## Problem statement
Please transcribe the listing below in full, exactly as written, leaving out its pictures.

## Recorded information
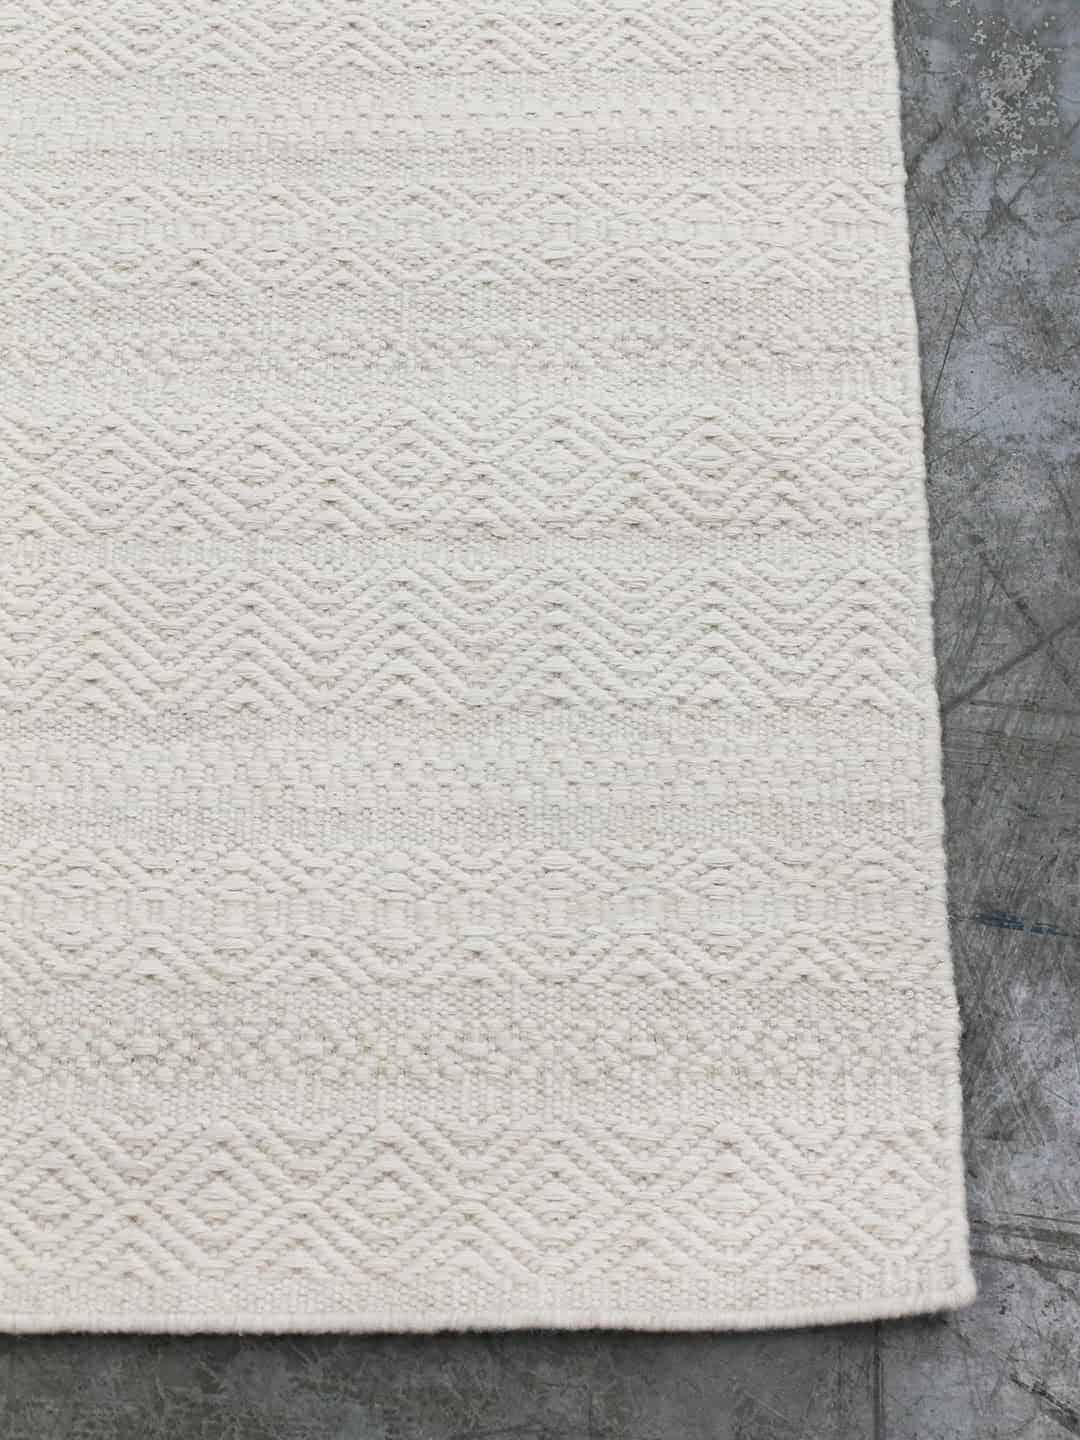 Ivory pure wool rugs Perth
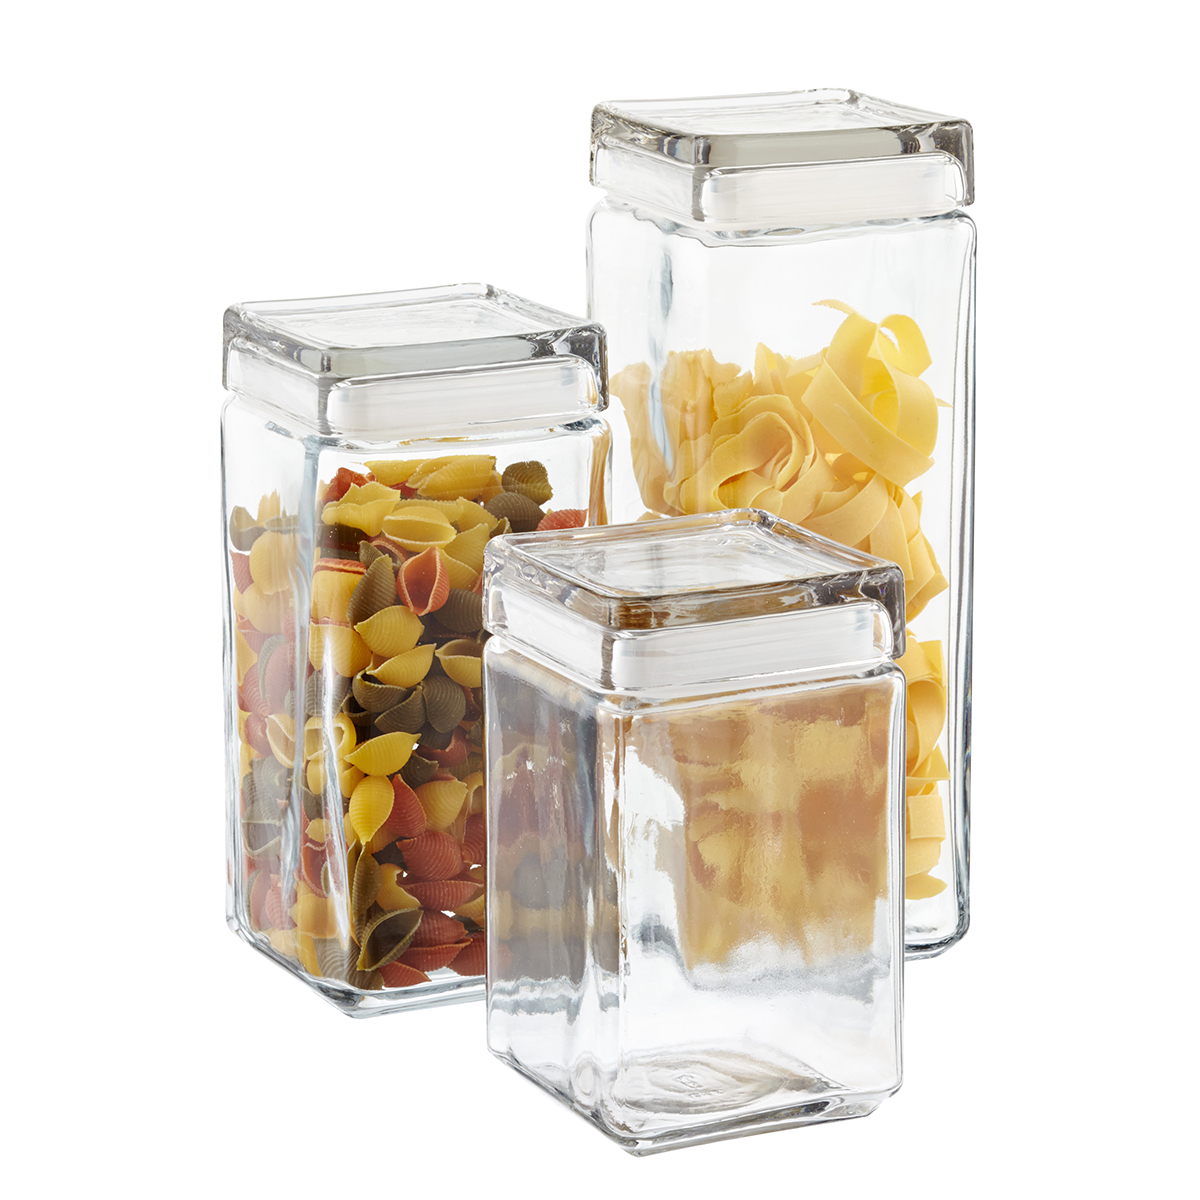 https://www.containerstore.com/catalogimages/310768/10013344gStackableSqCanister.jpg
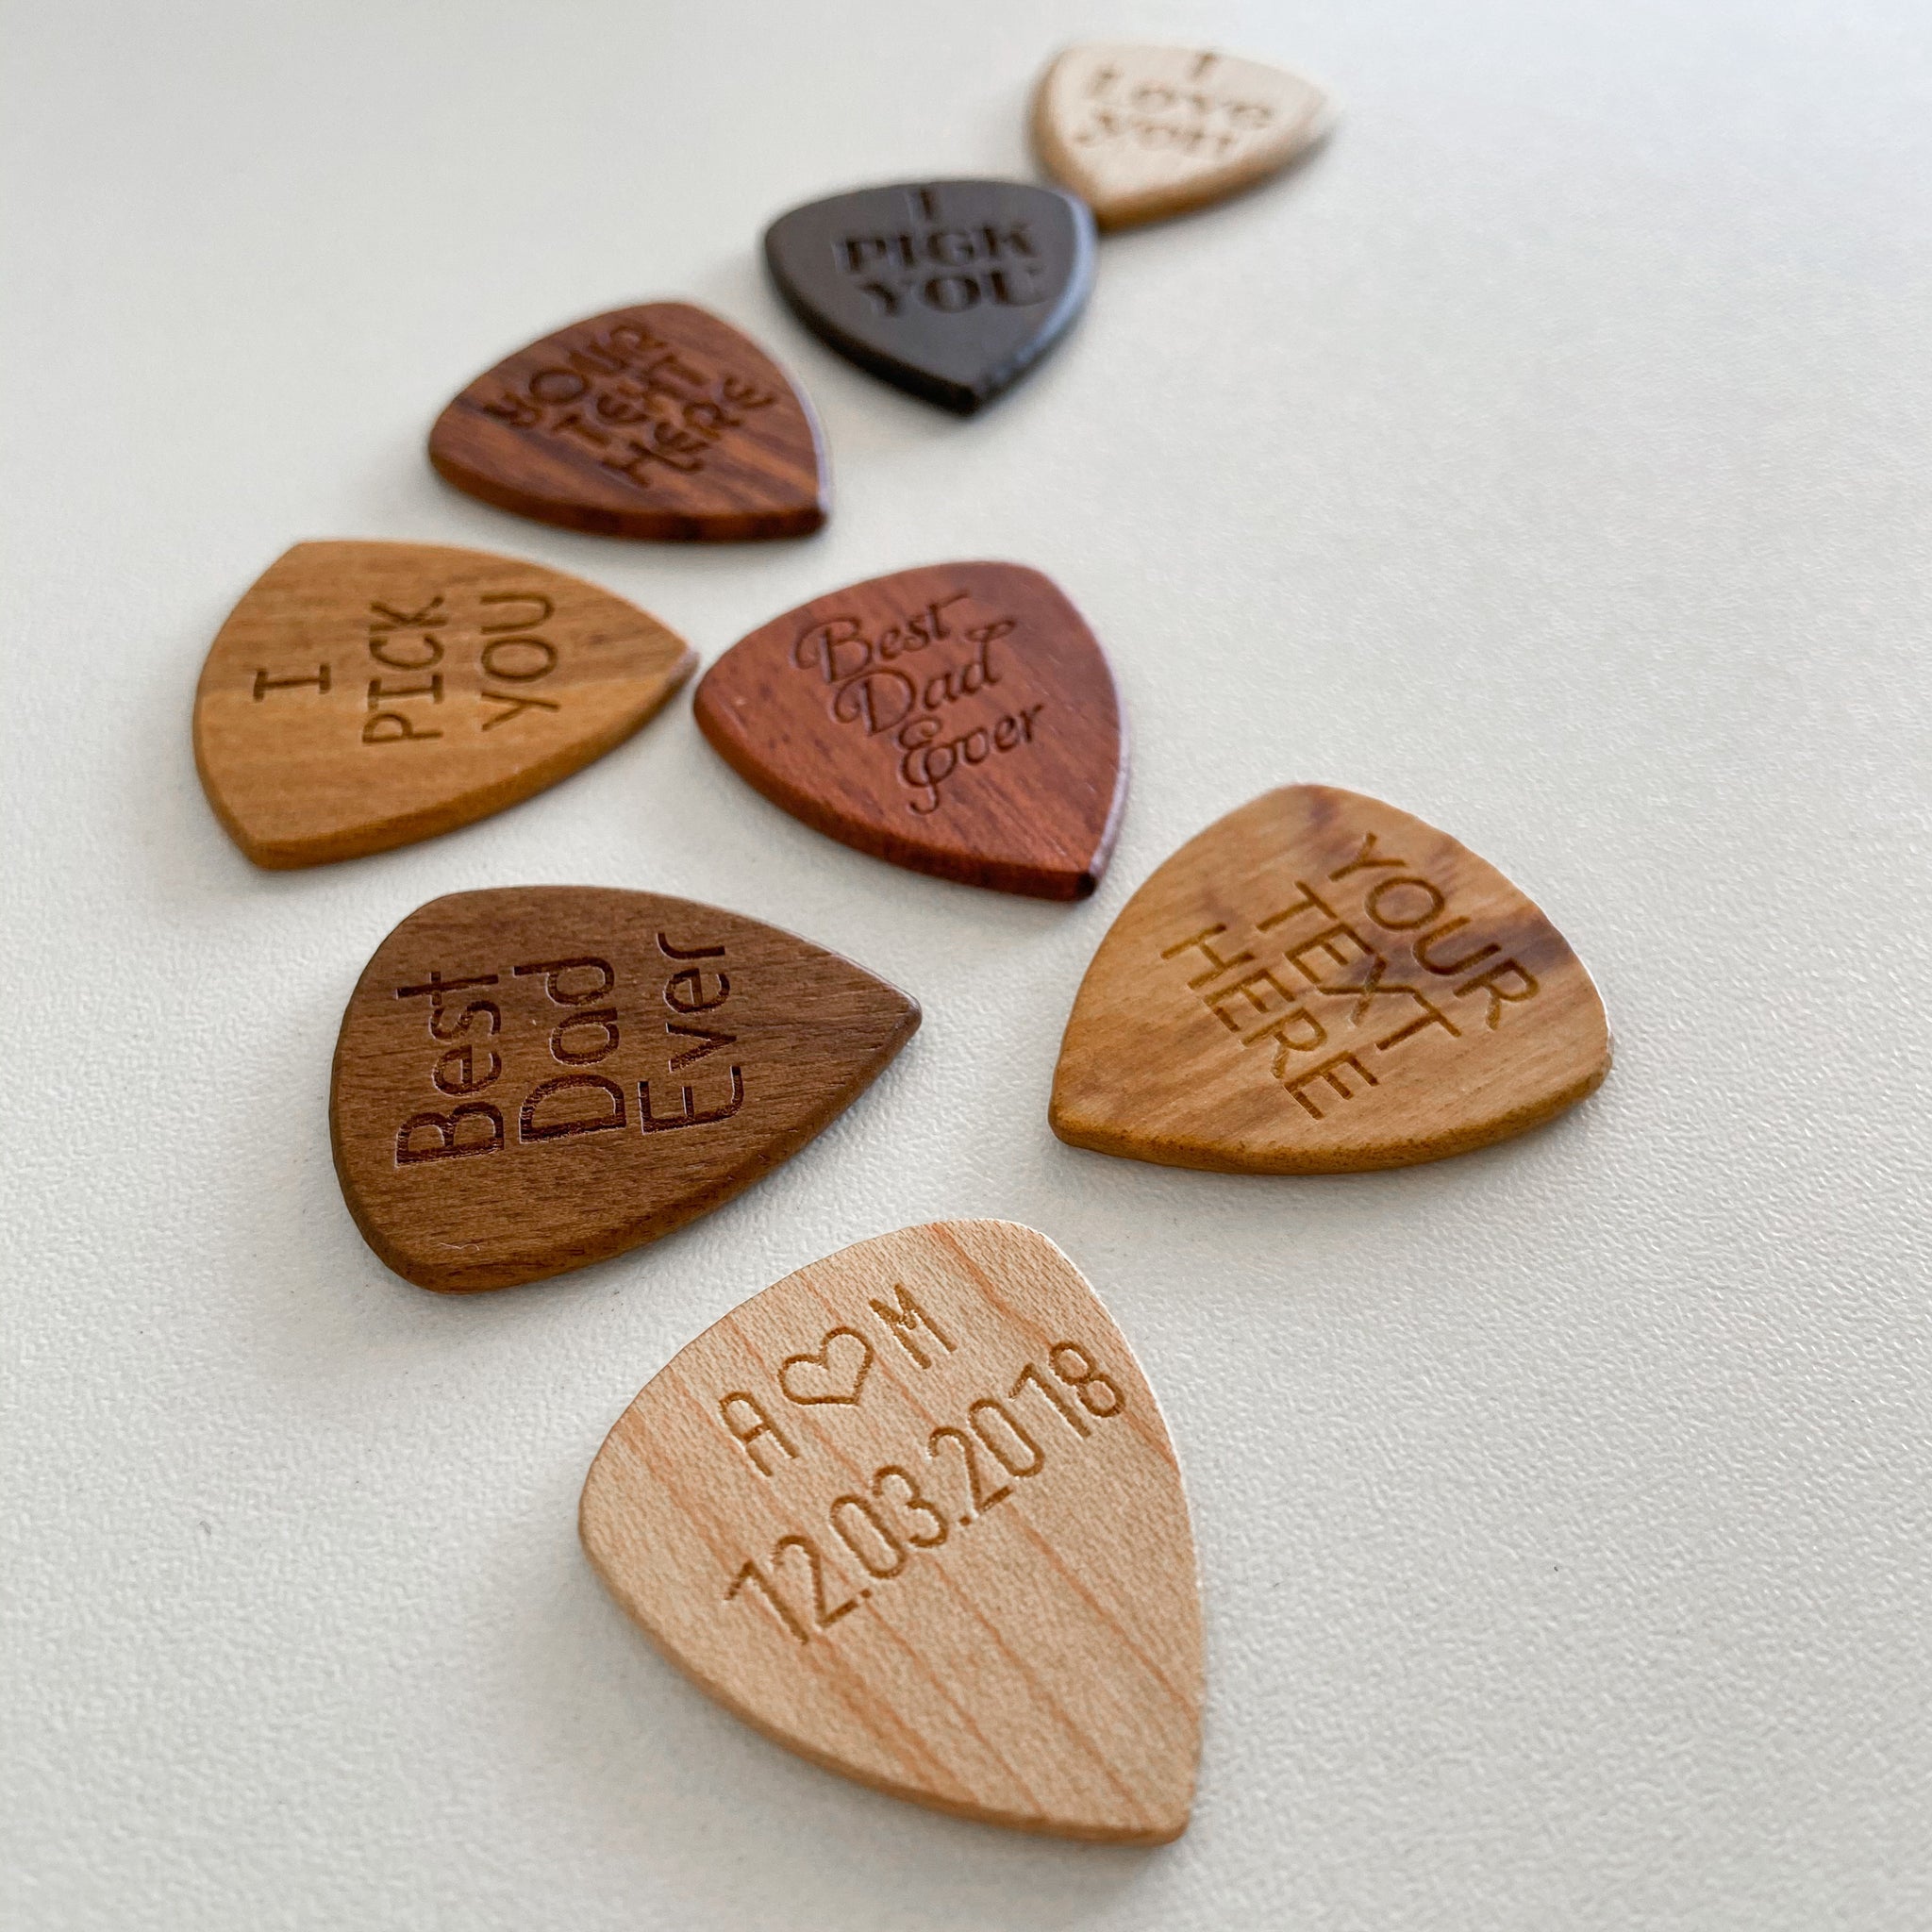 Personalized Guitar Picks are Meant to Make Beautiful Music - GTA

## Result of this exercise
 Ivory pure wool rugs Perth
 https://www.containerstore.com/catalogimages/310768/10013344gStackableSqCanister.jpg
 Personalized Guitar Picks are Meant to Make Beautiful Music - GTA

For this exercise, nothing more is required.